Sailor Don is packing it up and leaving Houston in 4 days. This collection of trains in the garden will be relocated from Houston, Texas to Livingston, Texas. 

This is a video of the last live steam run through Sailor Don's Houston garden.

I think of it as the "Last Train to Clarksville", even though there is no Clarksville station on my layout.

Last Train to Clarksville


----------



## Nutz-n-Bolts (Aug 12, 2010)

Well, kind of a sad day but think of all the new opportunities and fun to set up all new in the new yard. Looks like you will easily be able to move and reuse all your blocks and track. (have fun moving all those stones







).

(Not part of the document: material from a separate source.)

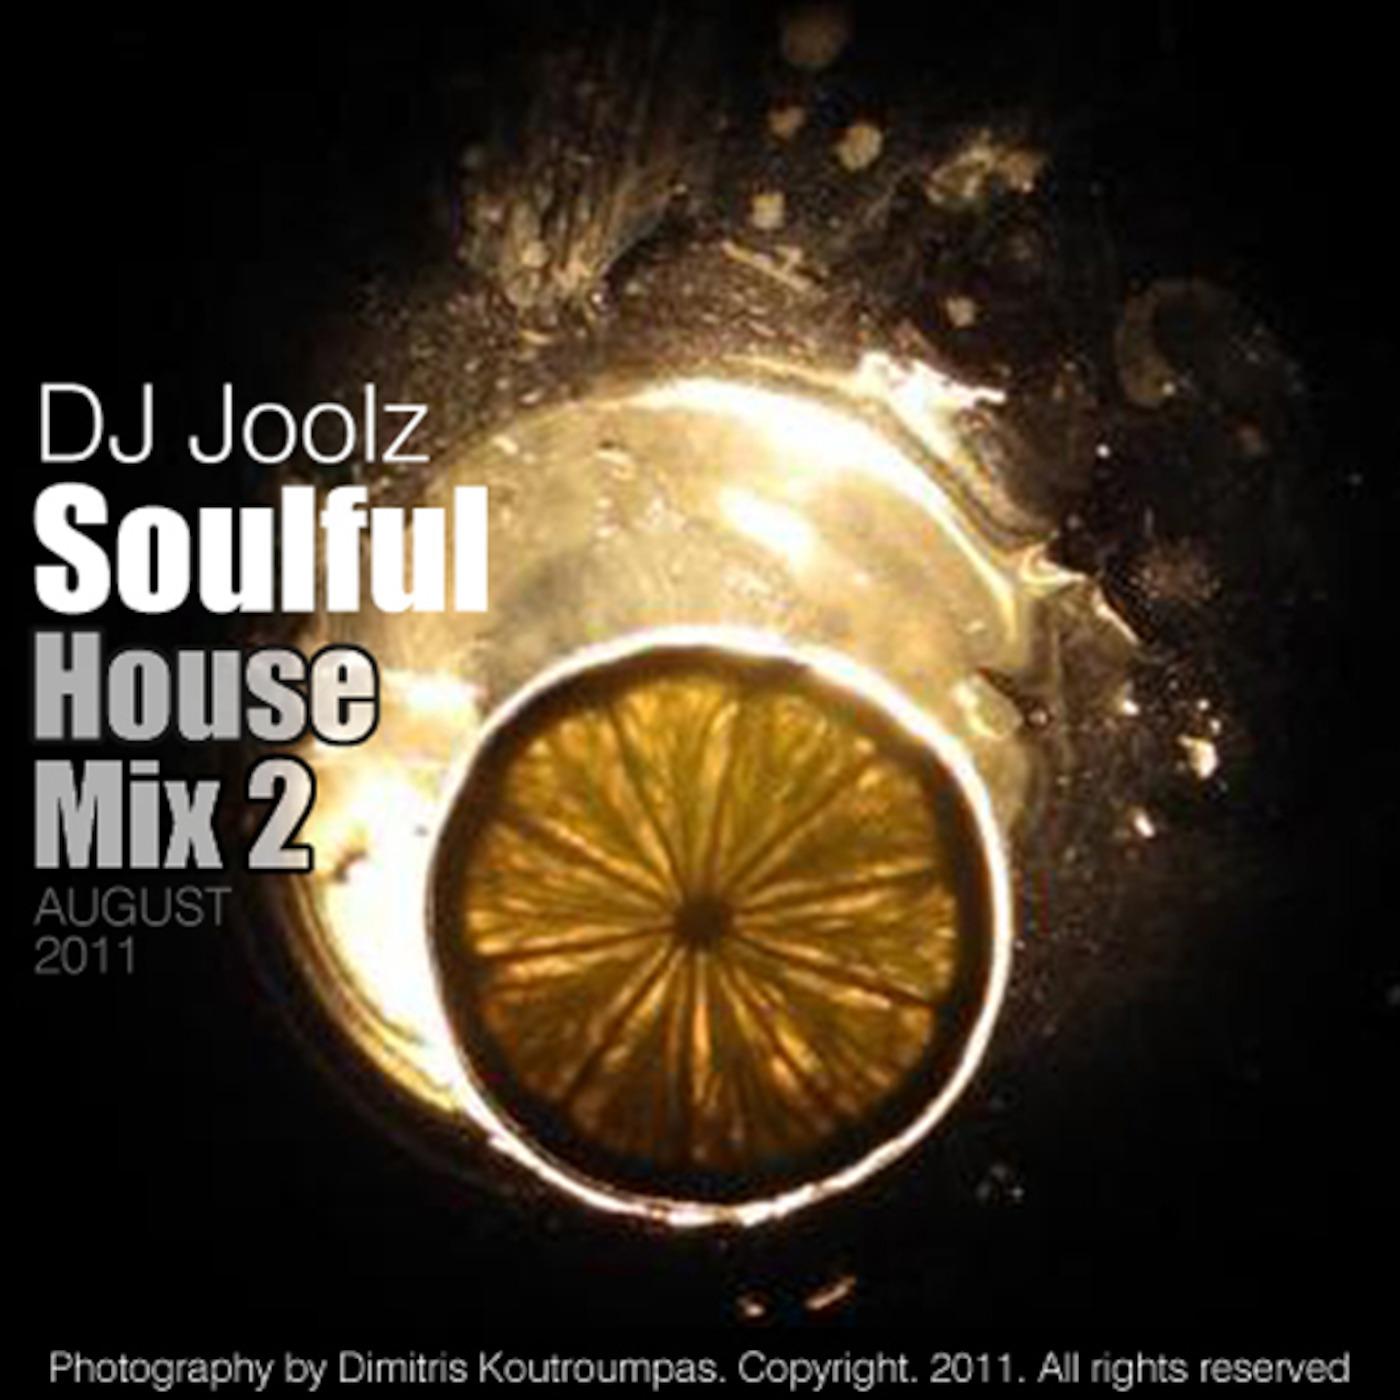 DJ Joolz - Soulful, Deep & Jackin House | Listen Free on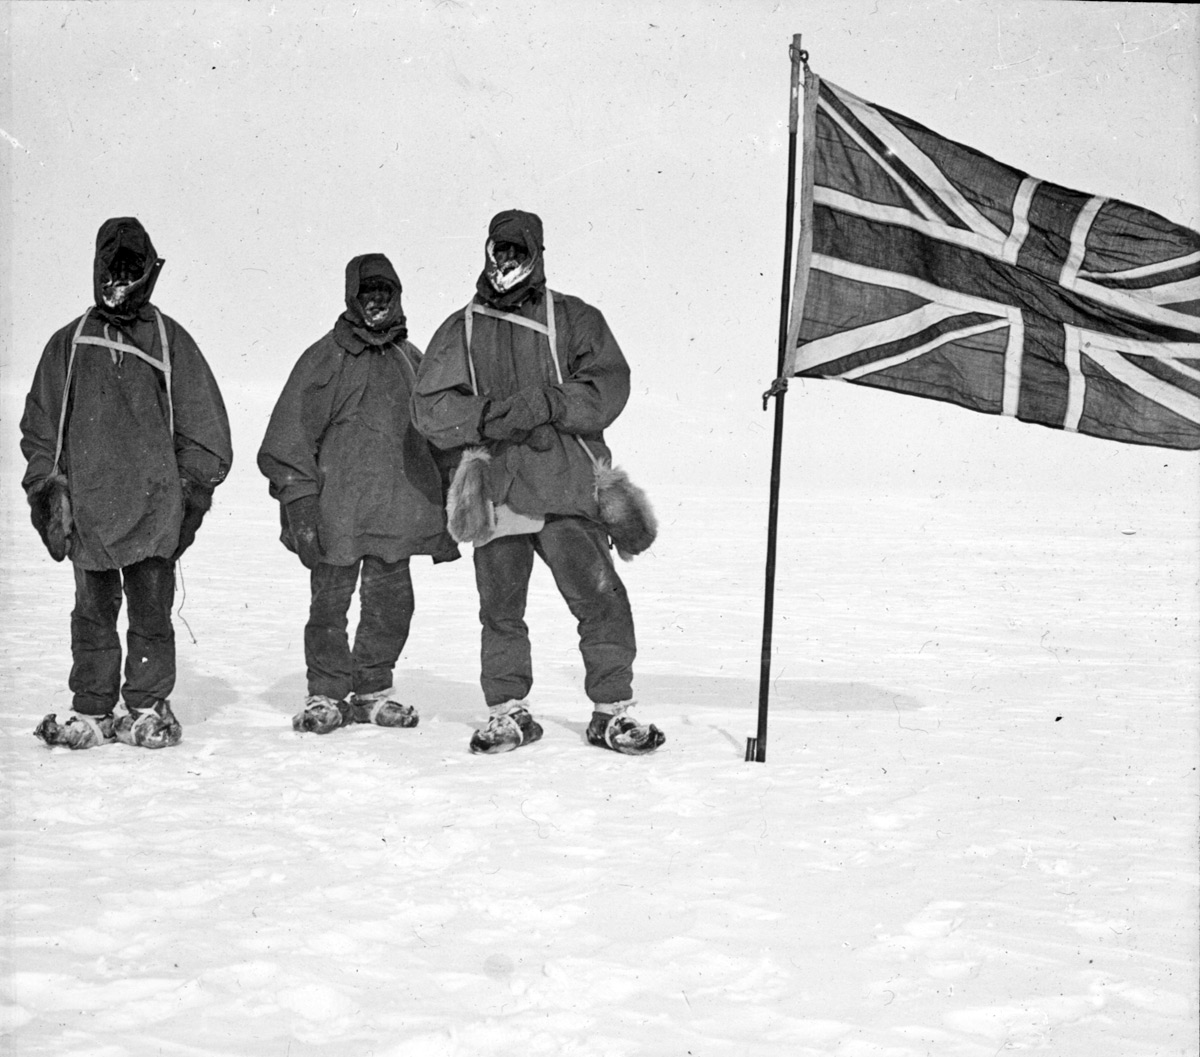 Ernest Shackleton - Wikipedia

Any plans for the new track layout yet?


----------



## SailorDon (Jan 6, 2008)

Posted By Nutz-n-Bolts on 24 Mar 2012 06:58 AM 
Any plans for the new track layout yet? The plans for the new layout are to start with the basics of the old layout and "add-on". I don't have any formal plans for the "add-on" yet. I'm going to get moved over the next month and get a feel for what will work best at my new location.

It will be a lot of work moving all the edger stones, but I can't leave them at this place. Lucky for me I have a pickup truck and a utility trailer. It will still take several trips, but the new place is only 80 miles away and I have a month or more to make the move.


----------



## Nutz-n-Bolts (Aug 12, 2010)

A truck and trailer will make the job much faster. You might try to entice over a buddy or two with a tasty beverage. Then those stones could get loaded and the rest piled for the second loading. And with all the "beverage muscles" abounding you won't feel as is you've done a thing. 

Glad to hear the rail road will be growing. Should be a easy set up initially, since you have done it once already. 

Keep us posted on progress.


----------